What parameters should work? Currently I use: 3000 iterations epsilon = 0.1 lambda = 0.9

I would start with lambda=0.0, since the network should work without any momentum. The right value for epsilon depends on your data and the configuration of your ANN, in ways that are too hard to predict. Just try a few values in a large range (say, from 0.0001 to 1.0 in powers of 10). If nothing works, your formulas are probably wrong.

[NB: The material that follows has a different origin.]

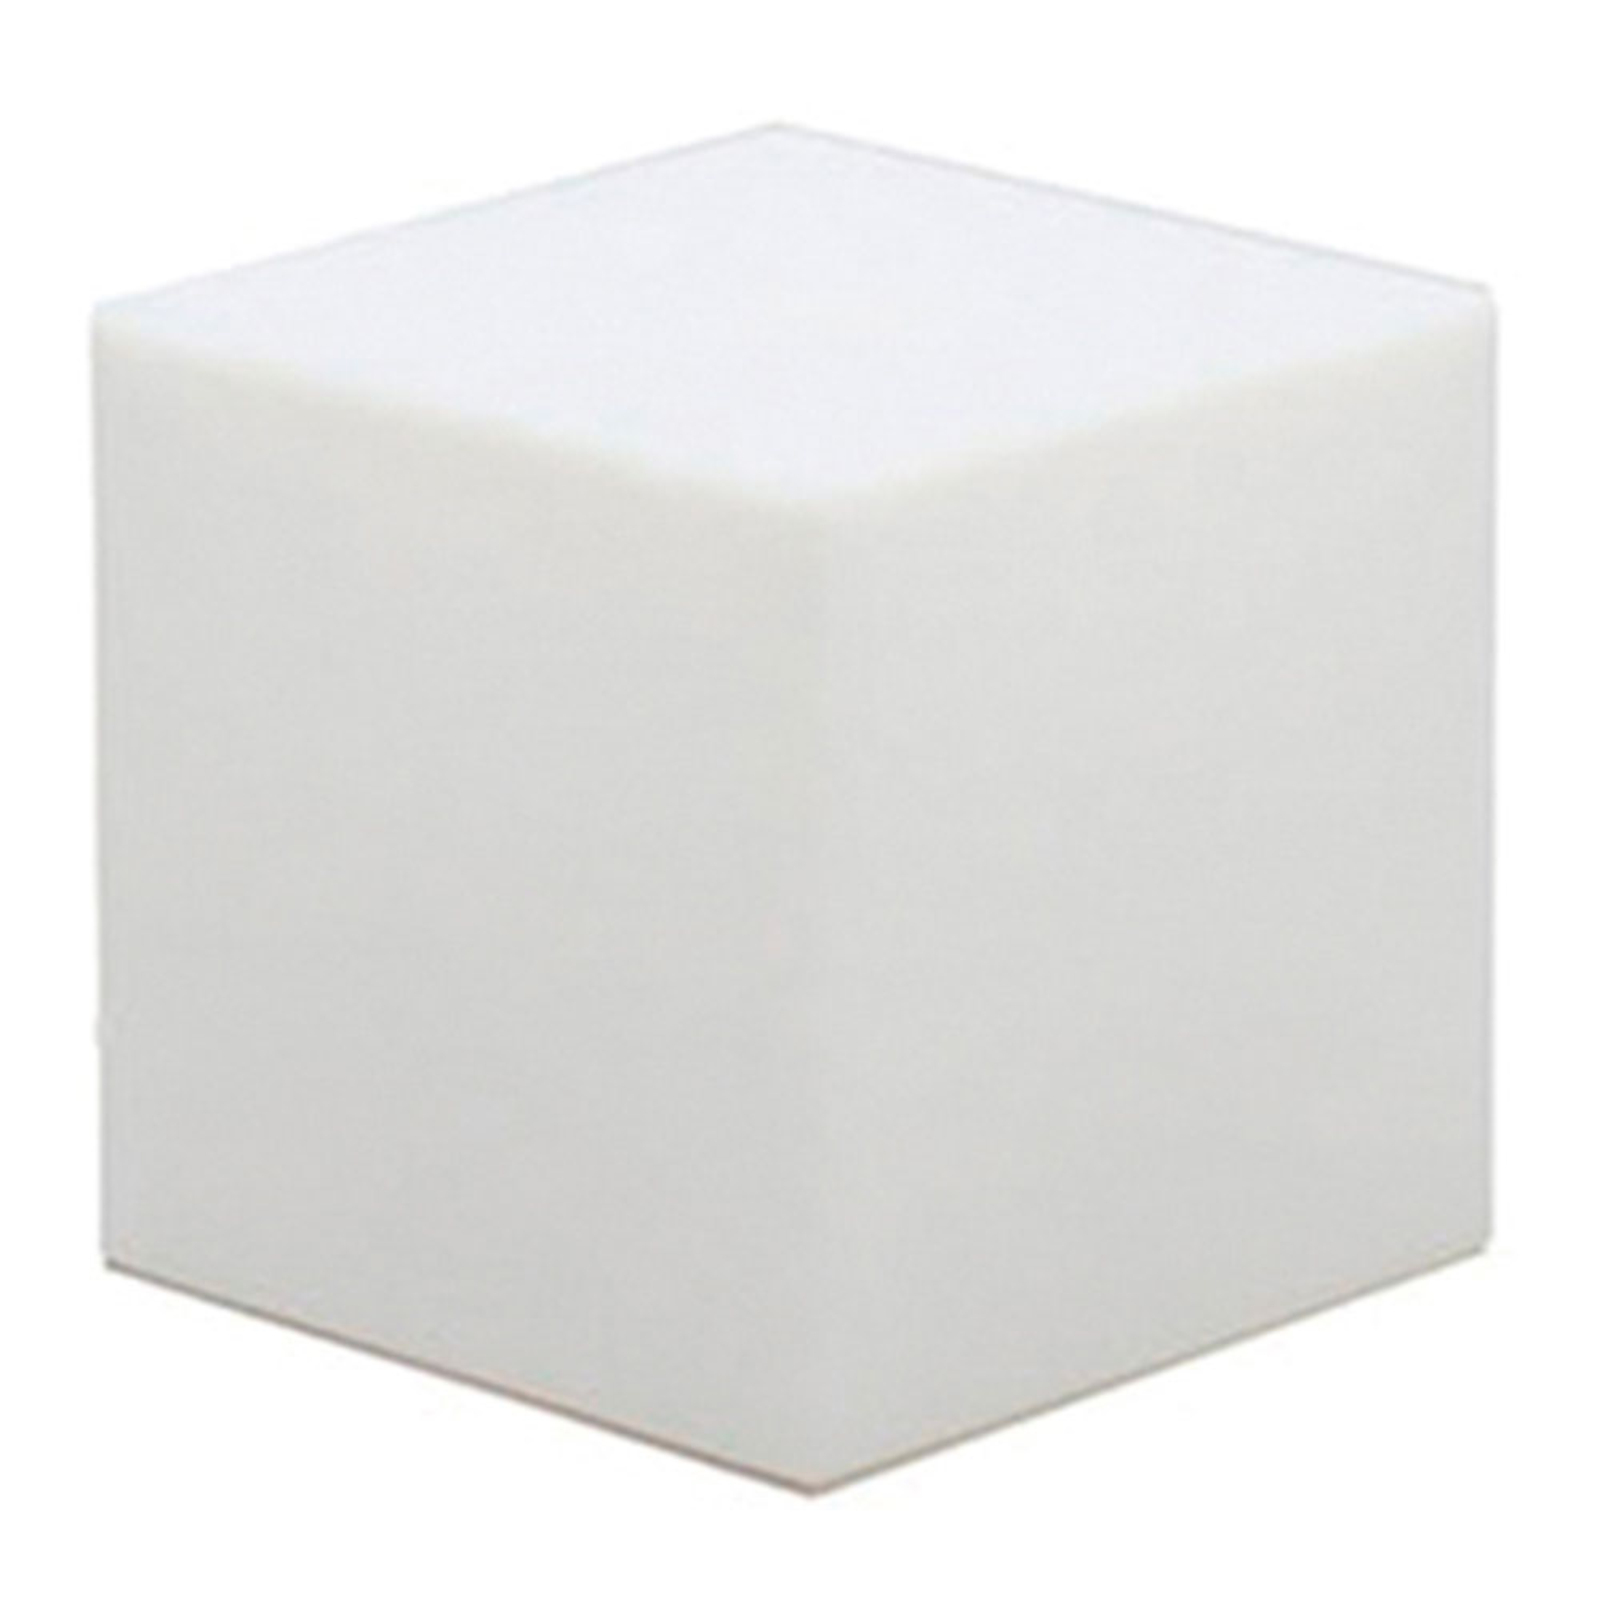 Cuby cubo luminoso decorativo Newgarden altura 20cm

NOTE: I forgot to mention it earlier, but the function that you really want to minimize is the sum of the square of delta over your entire data set. In each step you use the square of delta in the current training case as an approximation to the function you want to minimize. Momentum basically mixes in the gradient from previous cases, which makes the approximation a little bit better. You could also just compute the gradient over the entire sample set and only change the coefficients once you have read them all in, but for some reason this is not what people usually do with multilayer perceptrons.

Wikipedia has an article on this subject, but it's not particularly well written.